-- Task to carry out --
Leave out the pictures, and print exactly the lines from the one holding "Meaning of Munir Muneer" through the last line of the material.

-- Given information --
_ _ _
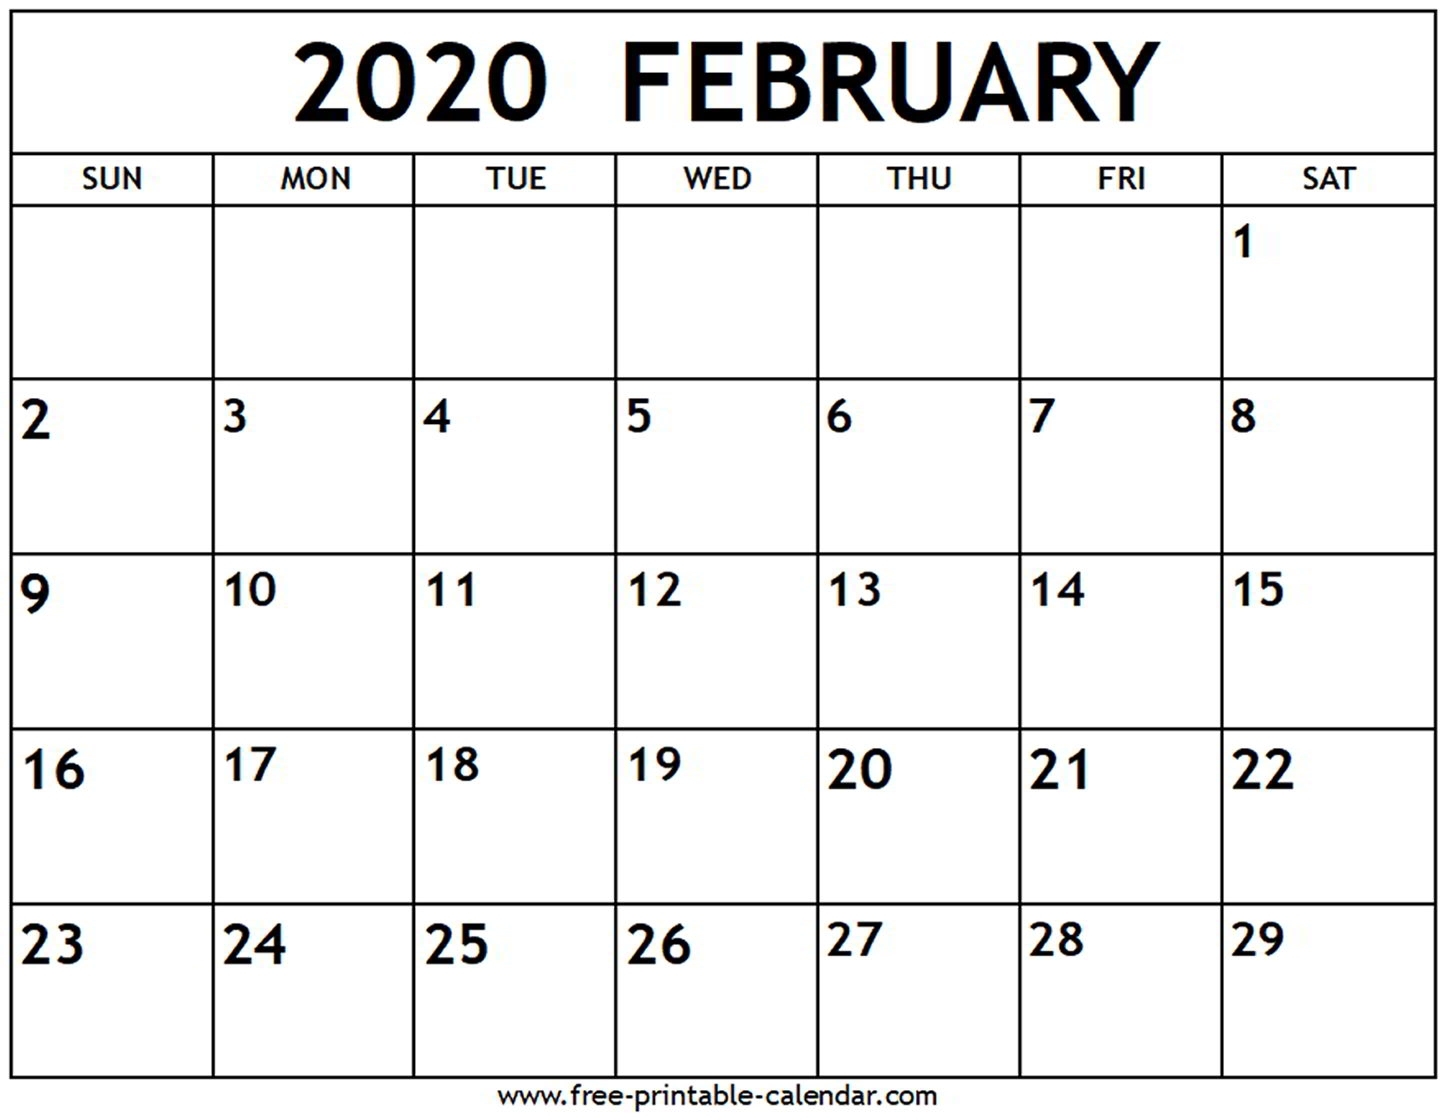 February 2020 Calendar - Free-Printable-Calendar
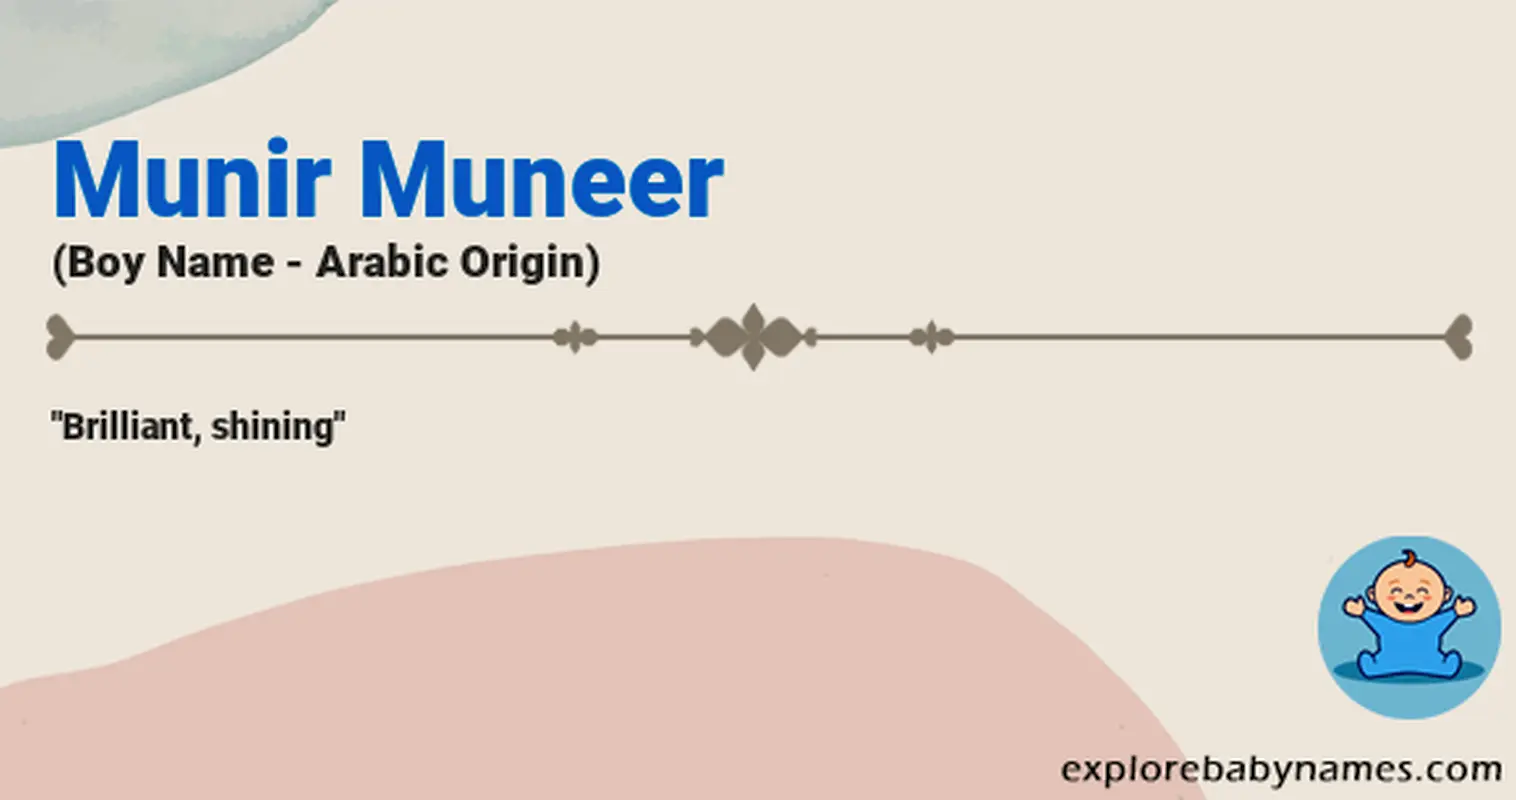 Meaning of Munir Muneer
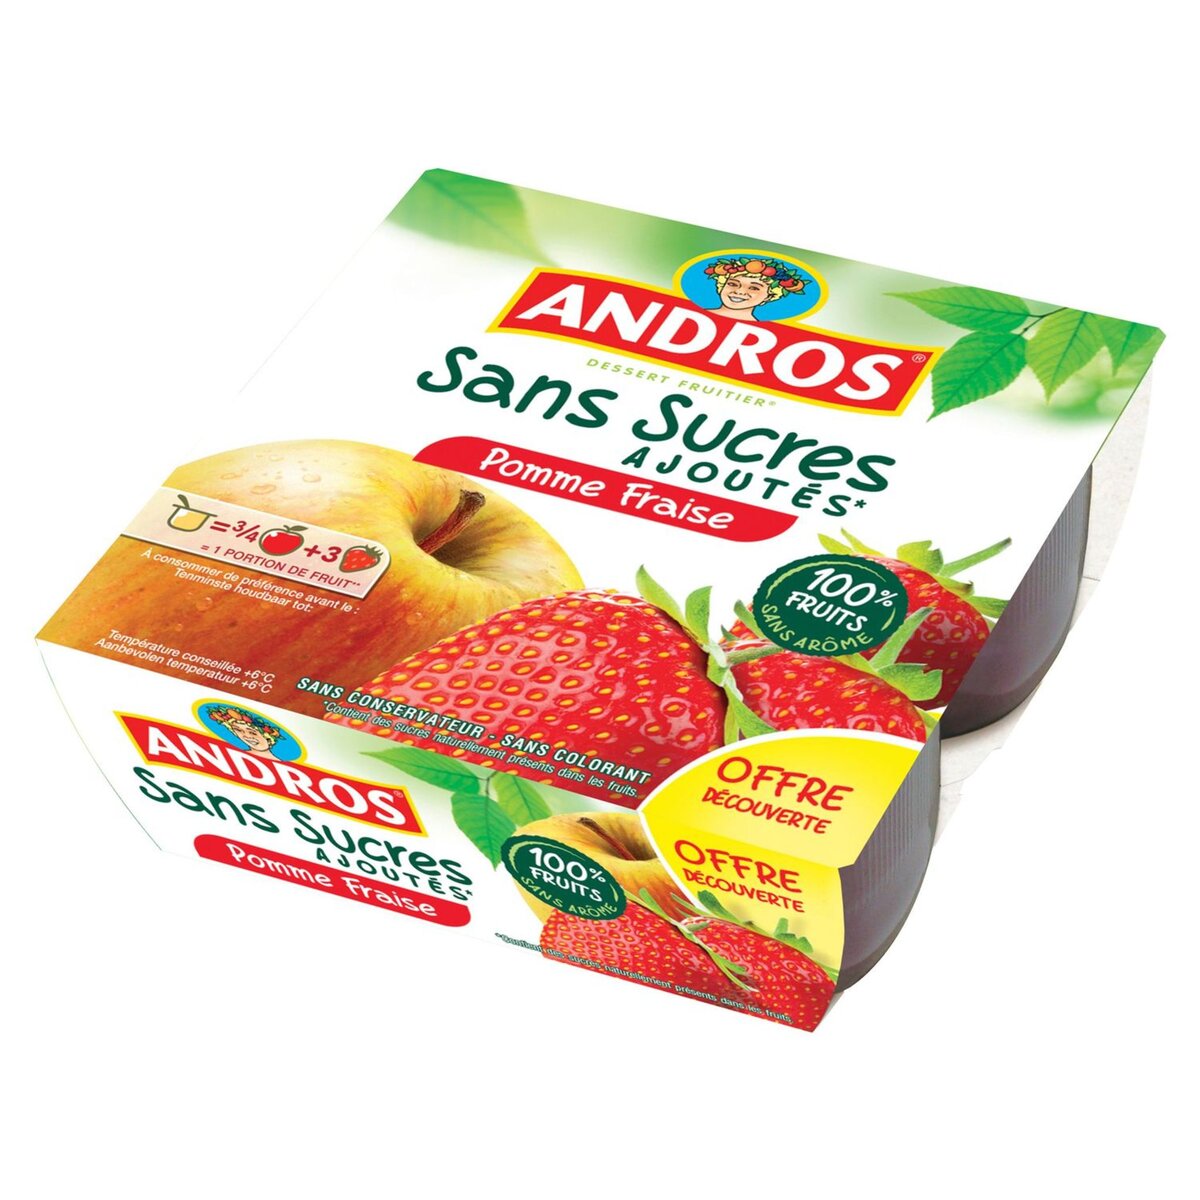 ANDROS Spécialité pomme fraise sans sucres ajoutés 4x100g pas cher 
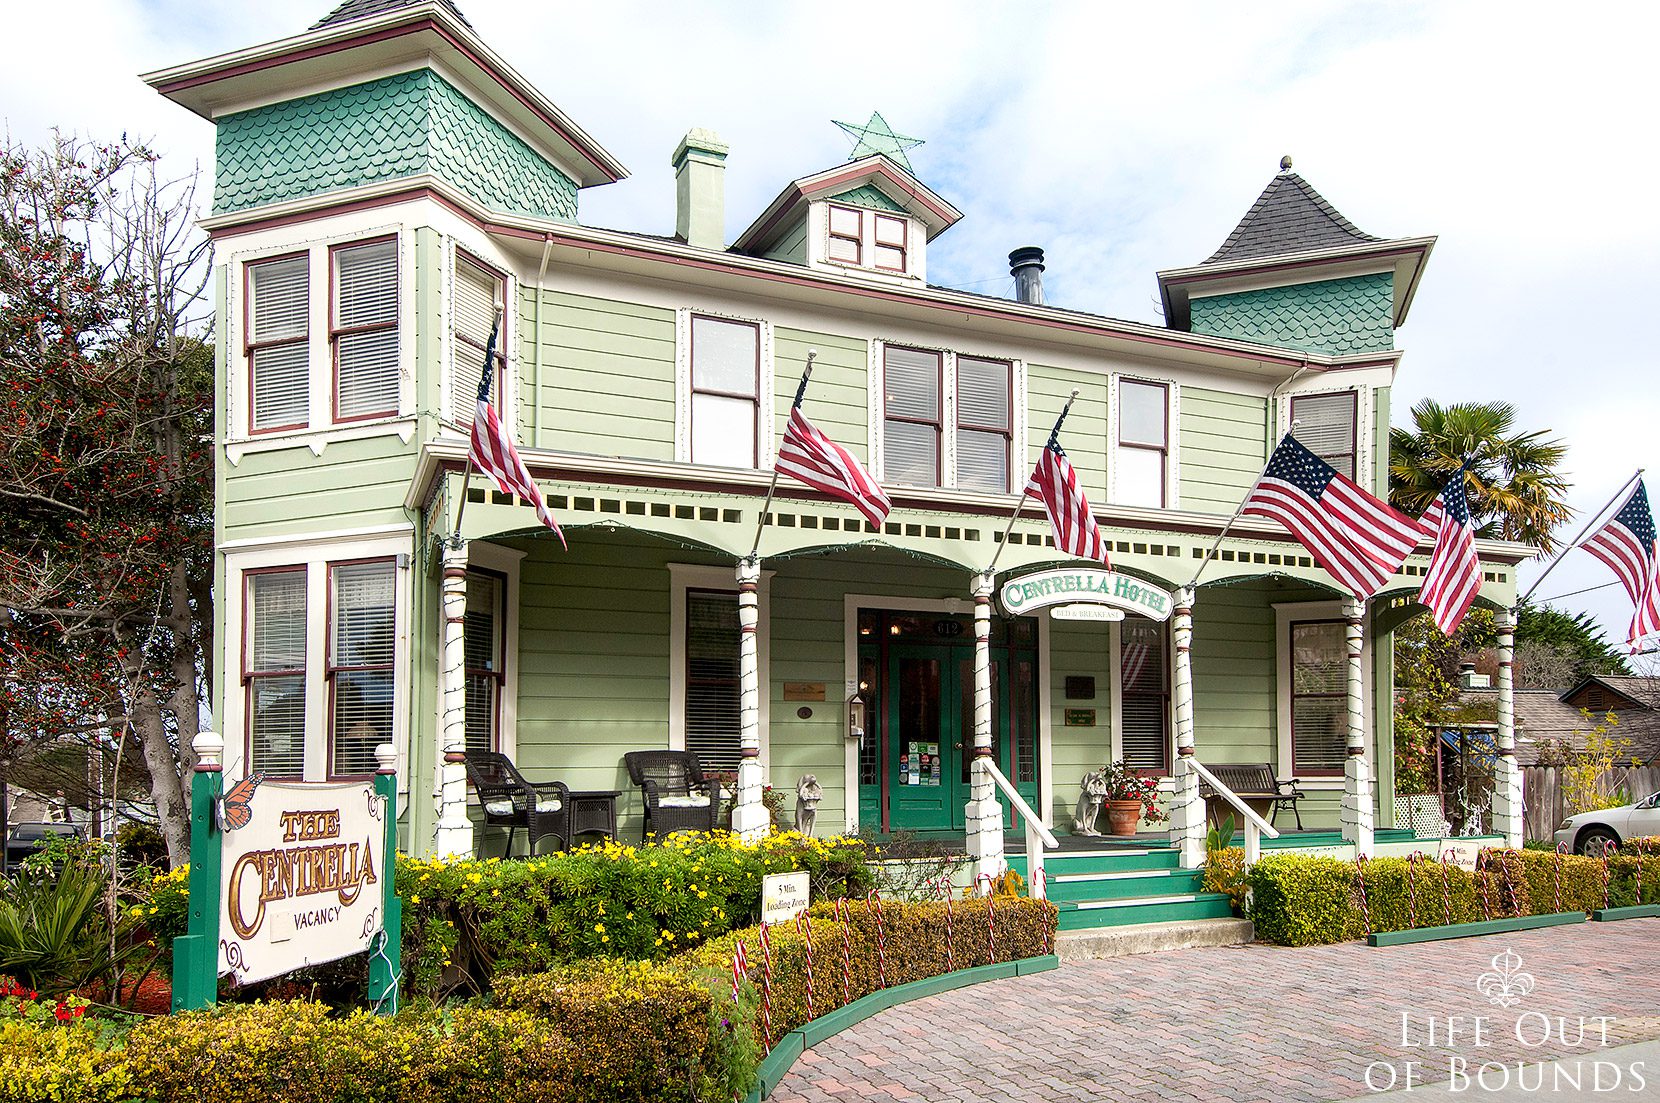 Centrella-Hotel-a-Victorian-style-BnB-in-Pacific-Grove-California
_ _ _
-- Result of the exercise --
 Meaning of Munir Muneer
 ANDROS Spécialité pomme fraise sans sucres ajoutés 4x100g pas cher 
 Centrella-Hotel-a-Victorian-style-BnB-in-Pacific-Grove-California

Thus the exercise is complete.